PS: I find the WebKit nightly builds to be quite stable, almost all of the time. The advancements they've made with JS processing since the build Apple uses in their Safari current releases makes them worthwhile. Now, Safari 4 beta, on the other hand, still has quirks so it's not worth the trouble, IMO.

[CharlesS]

Quote:

Originally Posted by solipsism

Apple doesn't play well with others.

It is not Apple's responsibility to ensure compatibility with third party hacks.

[kaiwai]

Quote:

Originally Posted by CharlesS

It is not Apple's responsibility to ensure compatibility with third party hacks.
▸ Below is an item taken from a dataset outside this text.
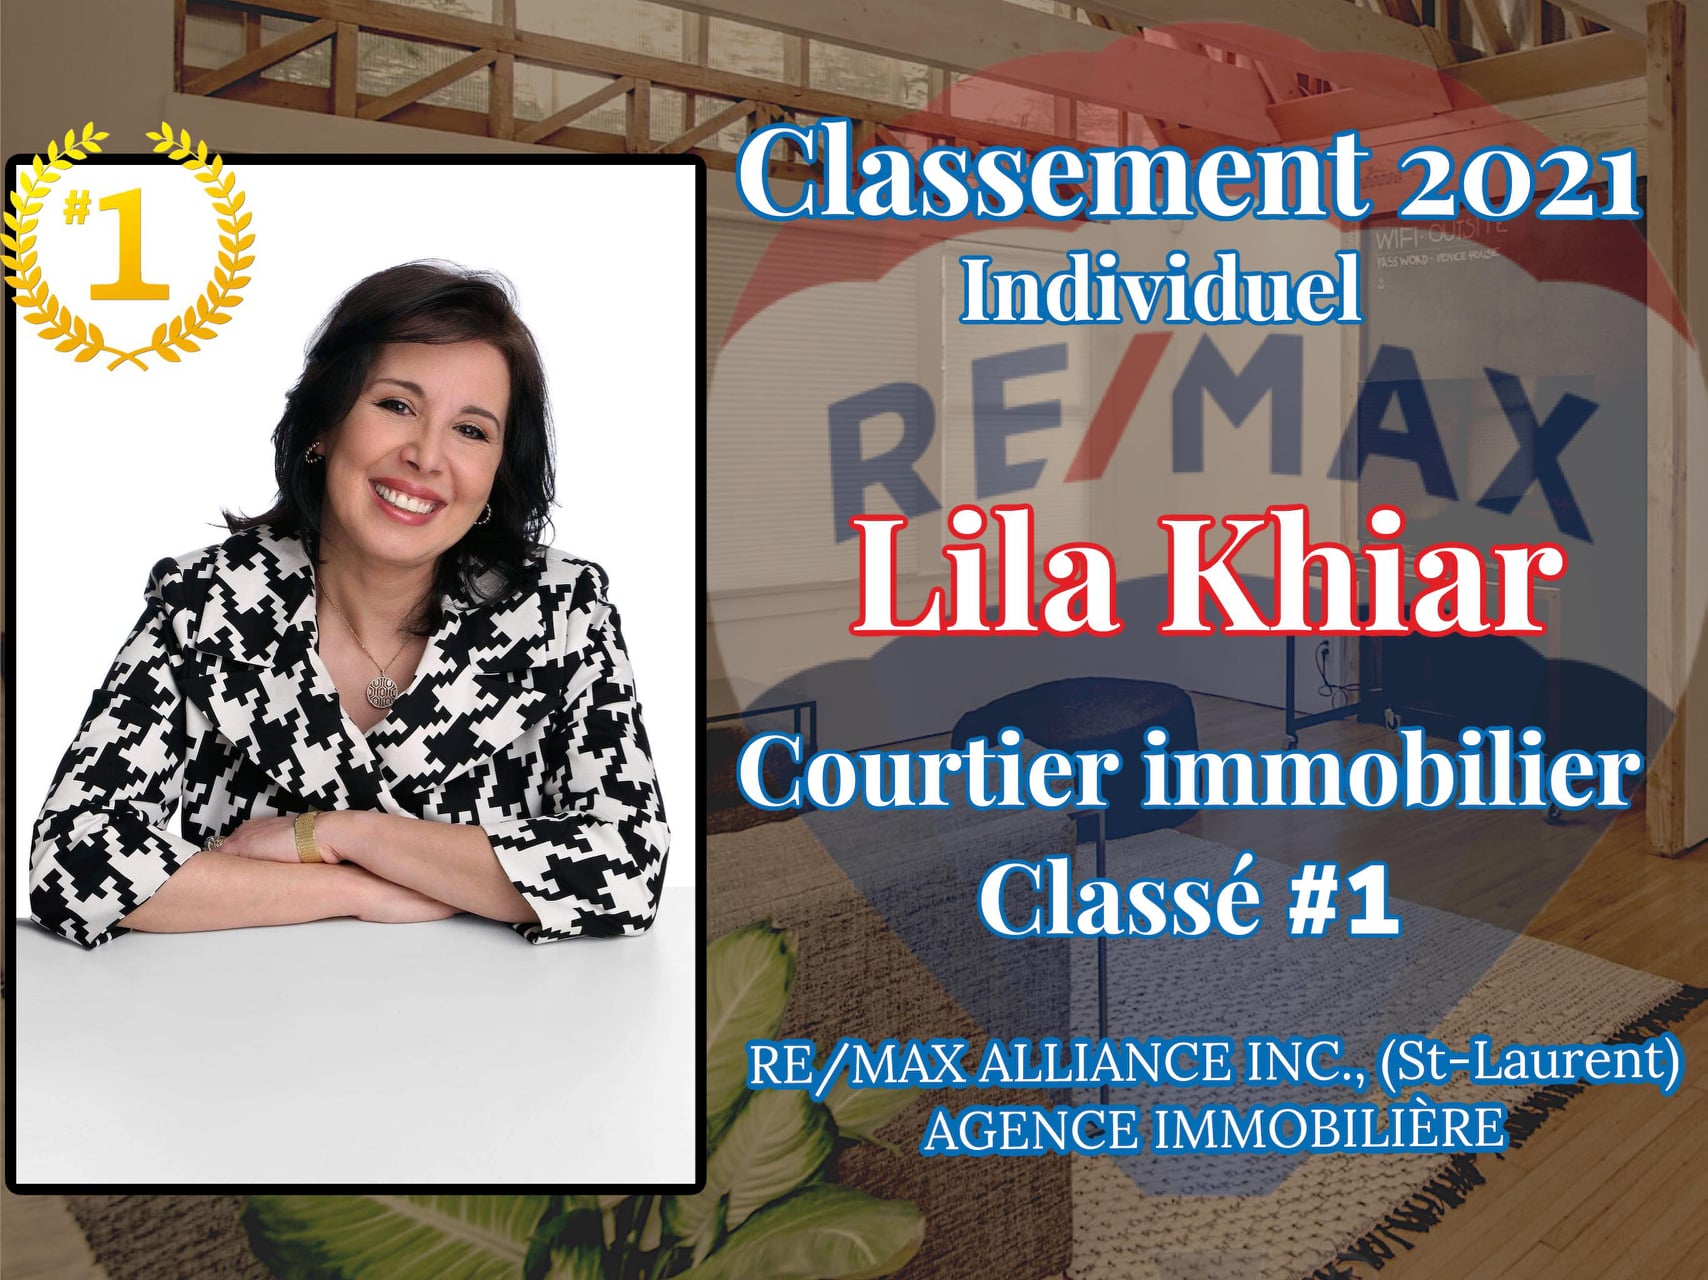 Lila Khiar Courtier immobilier classé #1 - Classement 2021 Individuel - RE/MAX Alliance Inc. (St-Laurent) Agence Immobilière
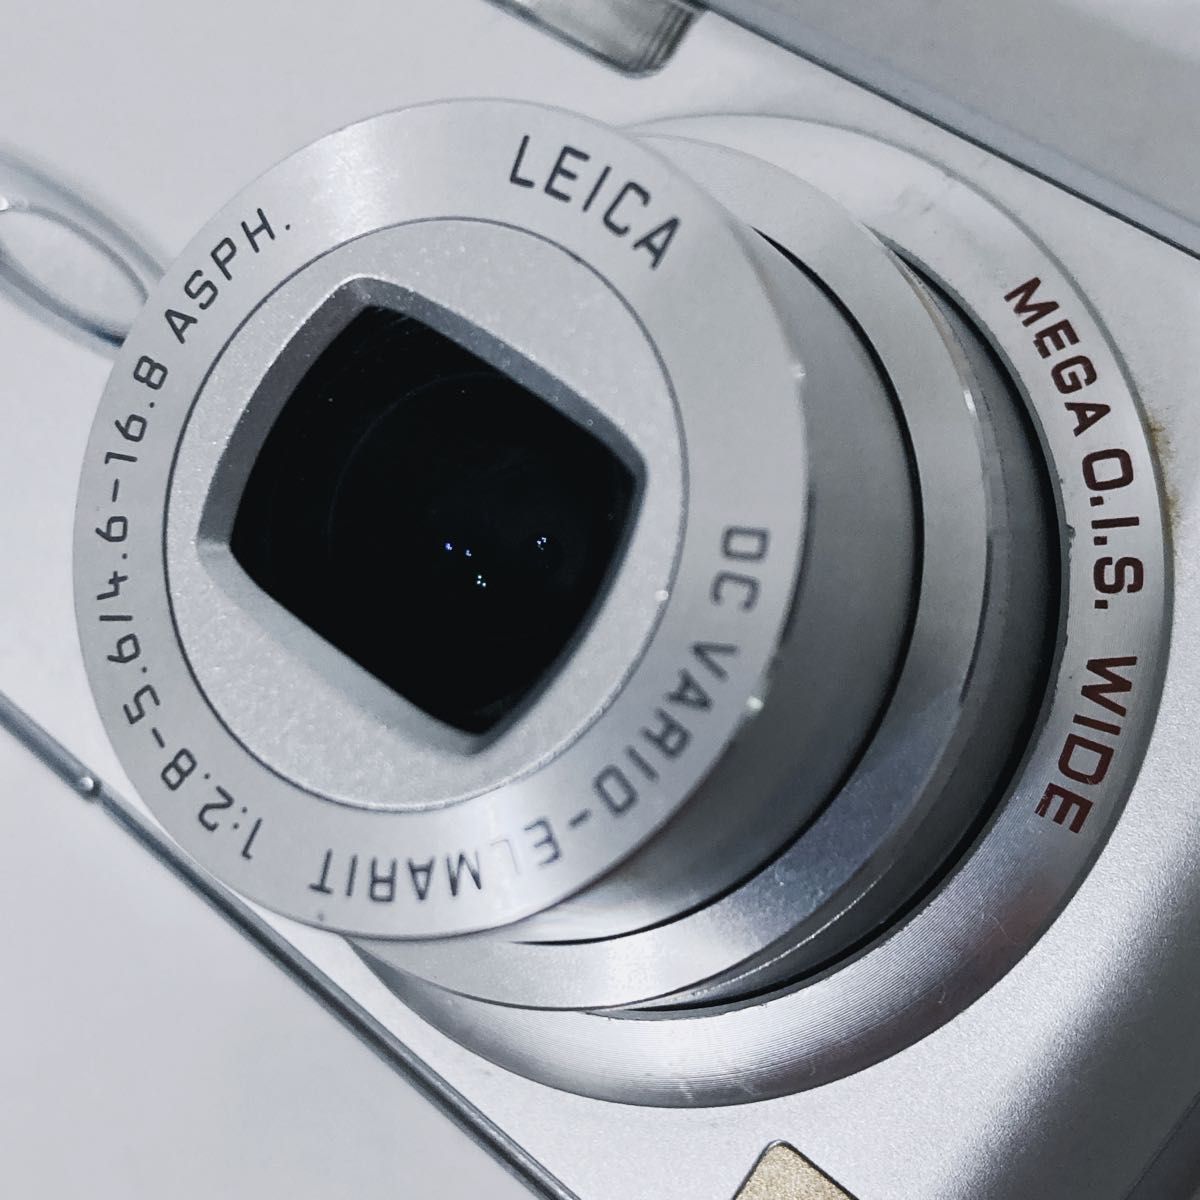 Panasonic LUMIX DMC-FS01 シルバー パナソニック ルミックス  デジタルカメラ

True - and lets ALSO remember that the interfaces which these third party hacks use are NOT supported by Apple in ANY form.

I wish some people here would put a cork in it when they don't know what the heck they're talking about.

[Kolchak]

Apple is losing its way. Whatever happened to "it just works"? Now they've got so many interdependencies, it's not funny. I just had Safari 3.1 crash and take my whole system with it. Figured it'd be a good time to go to 3.2 since this is one of my rare restarts. Bad move. 3.2 demands 10.5.5 and the latest security update. Why? I don't know. I bet the Windows version doesn't demand Vista SP2 and all the latest security updates. I upgraded from 10.5.3. 10 minutes, double reboot, etc. Safari still wouldn't install without the security update that Software Updater didn't even list until 10.5.5 was installed. Another 5 minutes to install that and double reboot. Finally installed Safari after another few minutes. A browser shouldn't need over 20 minutes to install. Then 3.2 crashed almost instantly. Reopening it every time gave me crashes. I finally went on a search and destroy mission for Pithhelmet. I feel sorry for Mac newbies who wouldn't have this kind of patience or the knowledge to follow the chain of steps. This is not the way to gain converts.

[mcnaugha]

The most important new feature of Safari 3.2 is the long-overdue EV certificate support. If you log in to PayPal you'll see the info on the EV certificate at the top right of the Safari window.